Constructed by: Erik Agard
Edited by: Rich Norris
Quicklink to a complete list of today’s clues and answers
Quicklink to comments
Theme: None
Bill’s time: 13m 08s
Bill’s errors: 0
Today’s Wiki-est, Amazonian Googlies
Across
1. Veal __ : PARM
Parmigiana is a dish from southern Italy. The original parmigiana was made with an aubergine (eggplant) filling, with cheese and tomato layers and then baked. Versions originating outside of Italy have replaced the aubergine with breaded cutlets of chicken or veal.

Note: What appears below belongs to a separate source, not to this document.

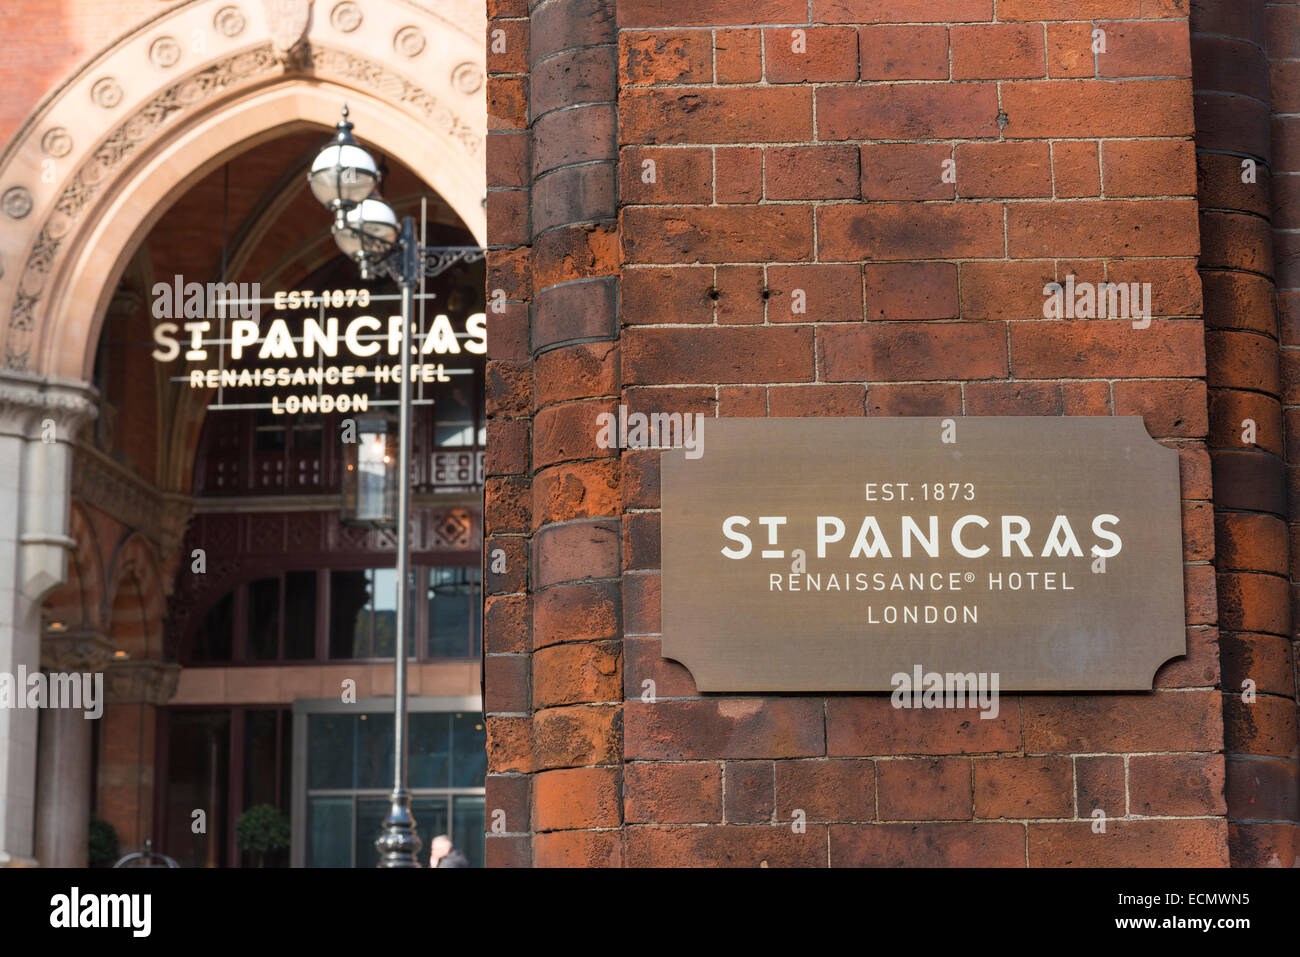 LONDON, UK - NOVEMBER 20: Detail of St. Pancras Renaissance Hotel entrance. November 20, 2014 in London. Formerly used as railwa Stock Photo

9. Actress Thompson of “Creed” : TESSA
Tessa Thompson is an actress from Los Angeles who is known for playing the supporting role of Jackie Cook on the TV show “Veronica Mars”, and for playing student leader Diane Nash in the 2014 film “Selma”.
“Creed” is a 2015 boxing movie, the seventh in the “Rocky” franchise. Sylvester Stallone returns as Rocky Balboa, but this time as a trainer. Rocky trains Apollo Creed’s son Adonis. Stallone was nominated for an Oscar for his supporting role in the film. It was the first Academy Award nomination he had received since the first “Rocky” film, which was released almost forty years earlier.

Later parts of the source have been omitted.